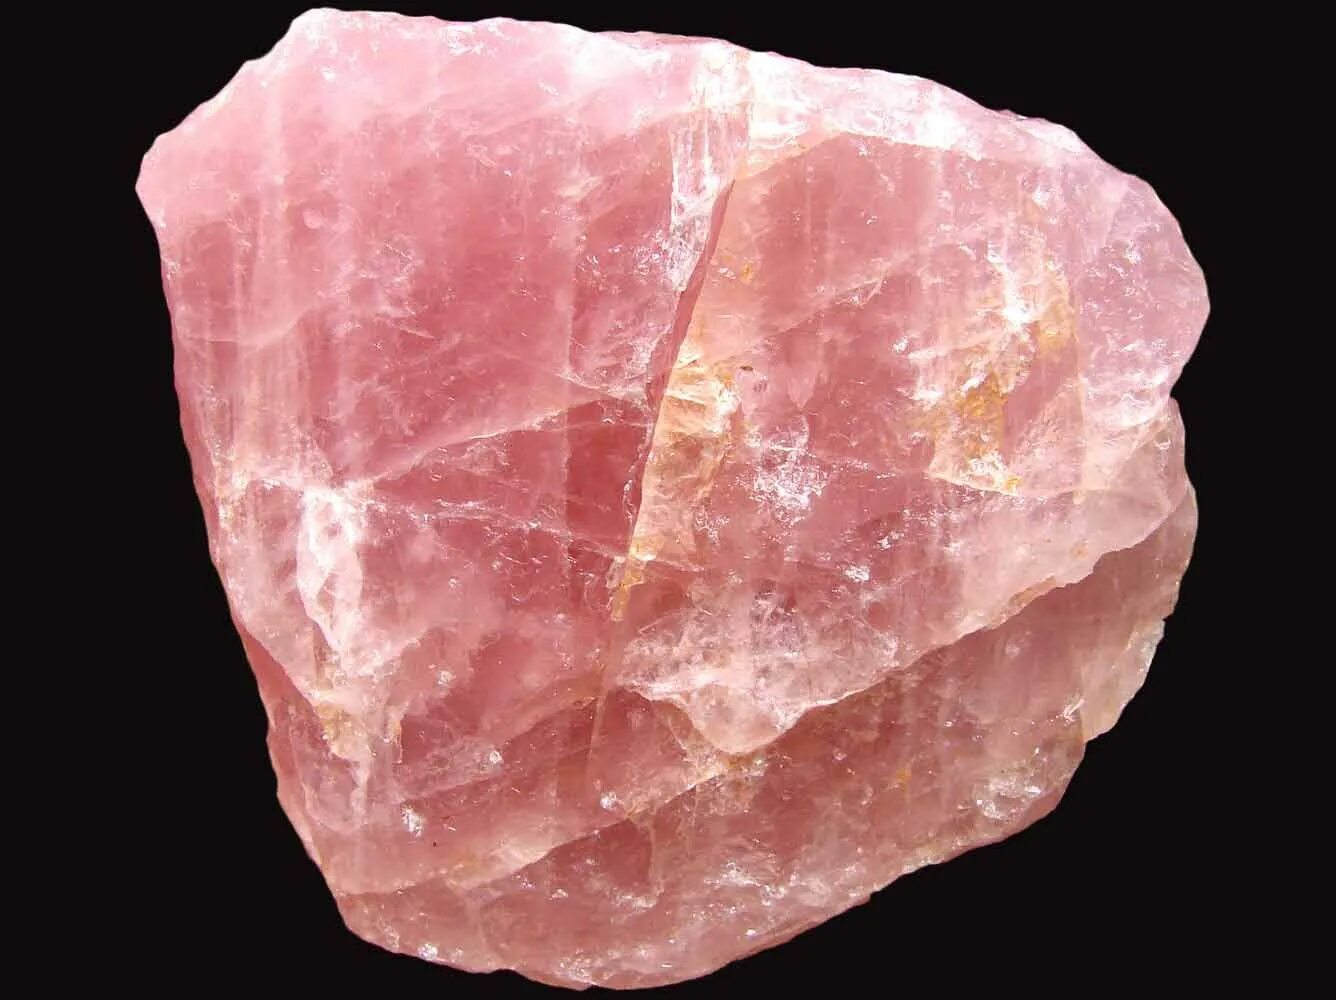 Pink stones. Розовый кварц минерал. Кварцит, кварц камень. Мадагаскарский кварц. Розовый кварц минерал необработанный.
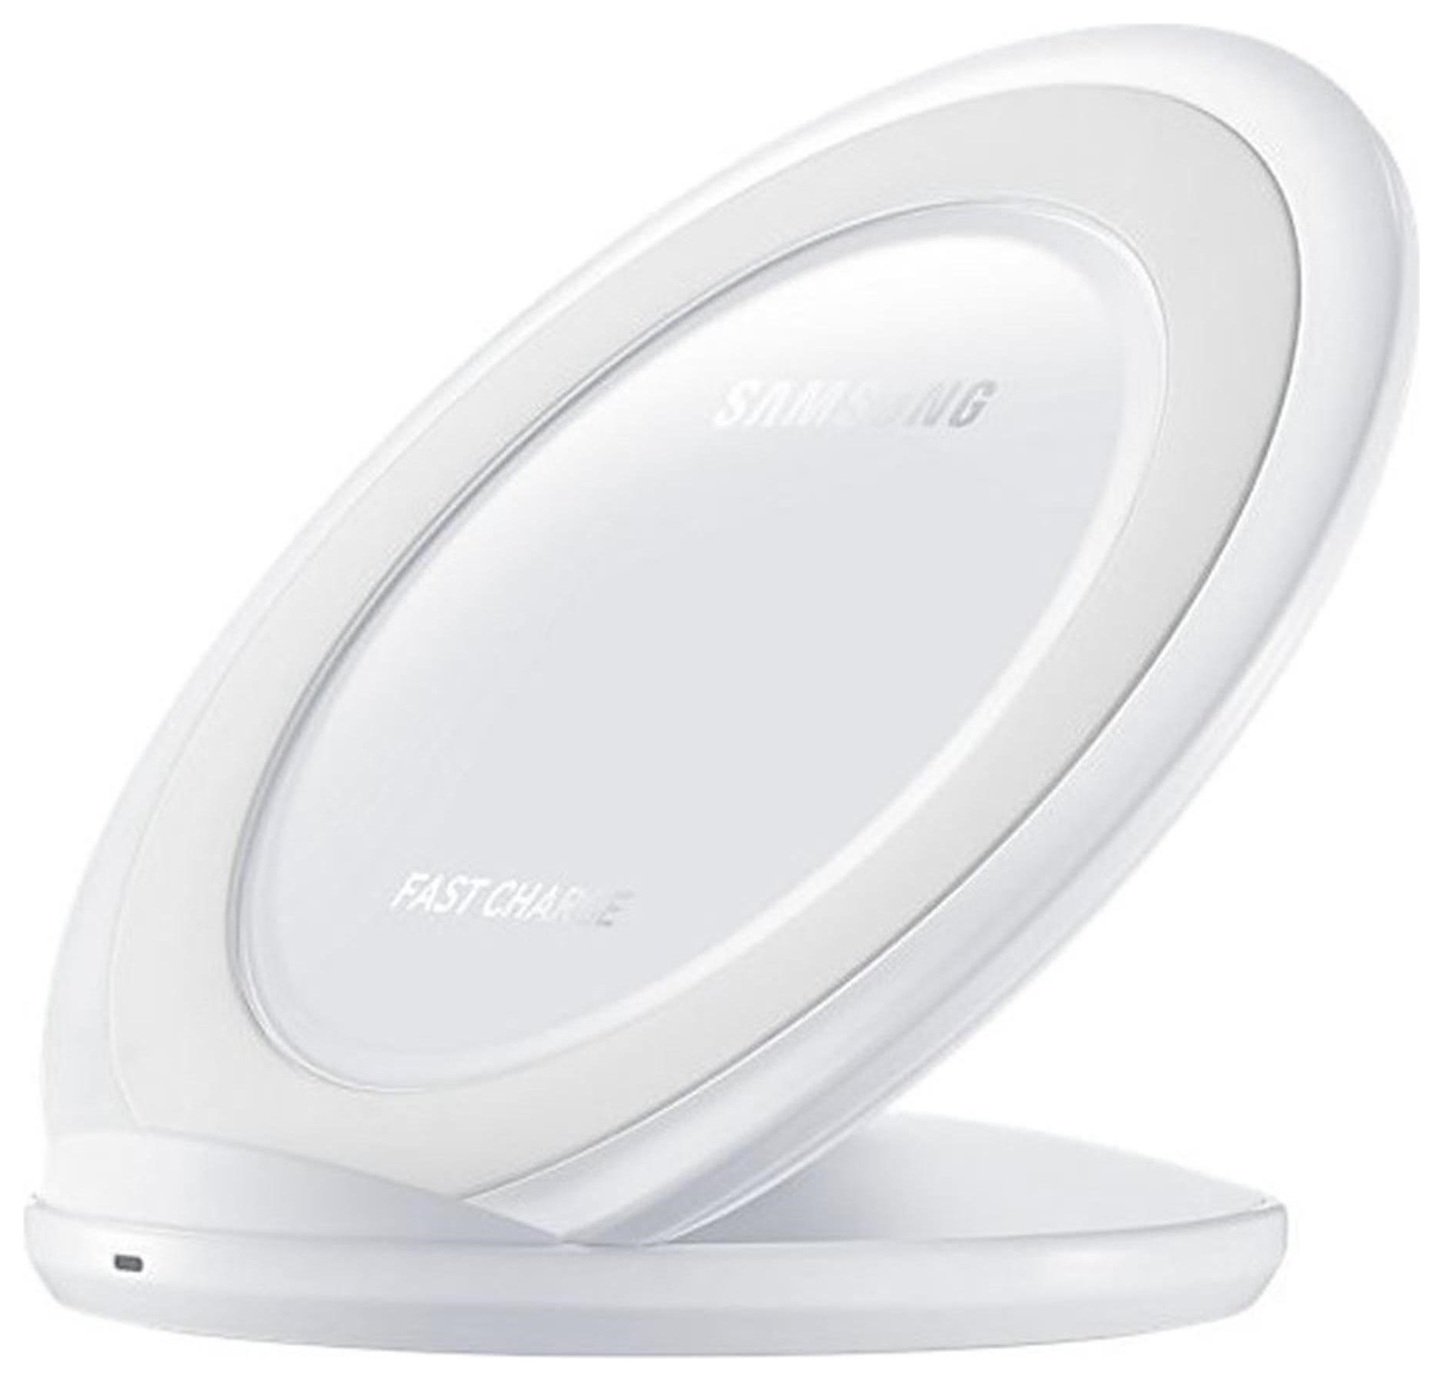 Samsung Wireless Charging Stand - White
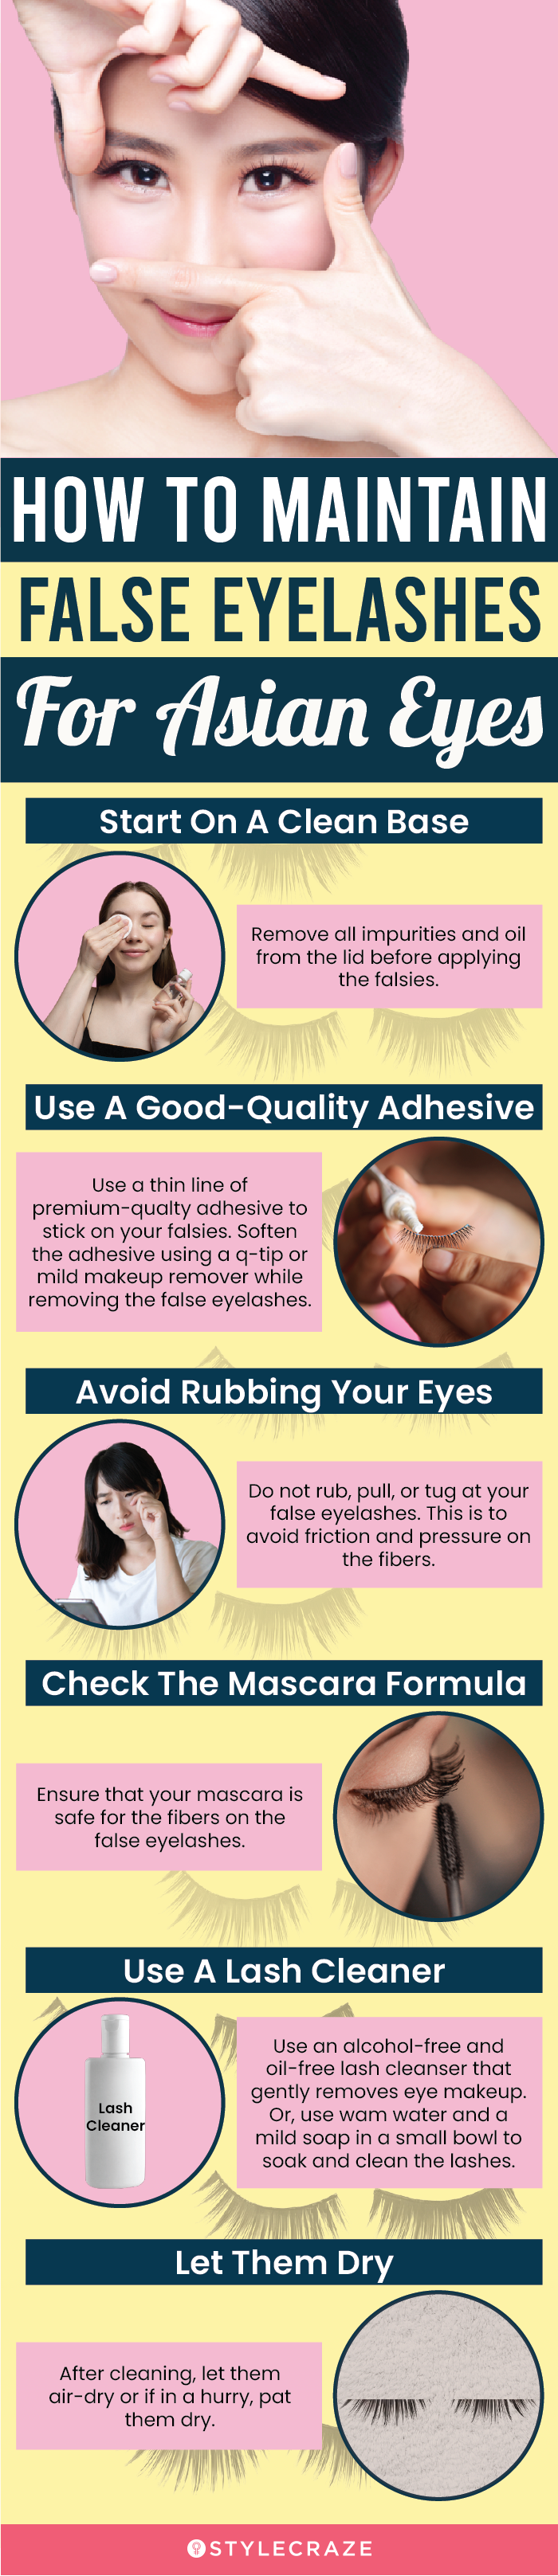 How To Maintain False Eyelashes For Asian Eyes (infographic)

=== Instructions to follow ===
The output should be the lines from the one with "Samsung Wireless Charging Stand - White" through the end of the material above, both ends included, printed exactly and nothing else. Drop the pictures.

=== Task result ===
 Samsung Wireless Charging Stand - White
 How To Maintain False Eyelashes For Asian Eyes (infographic)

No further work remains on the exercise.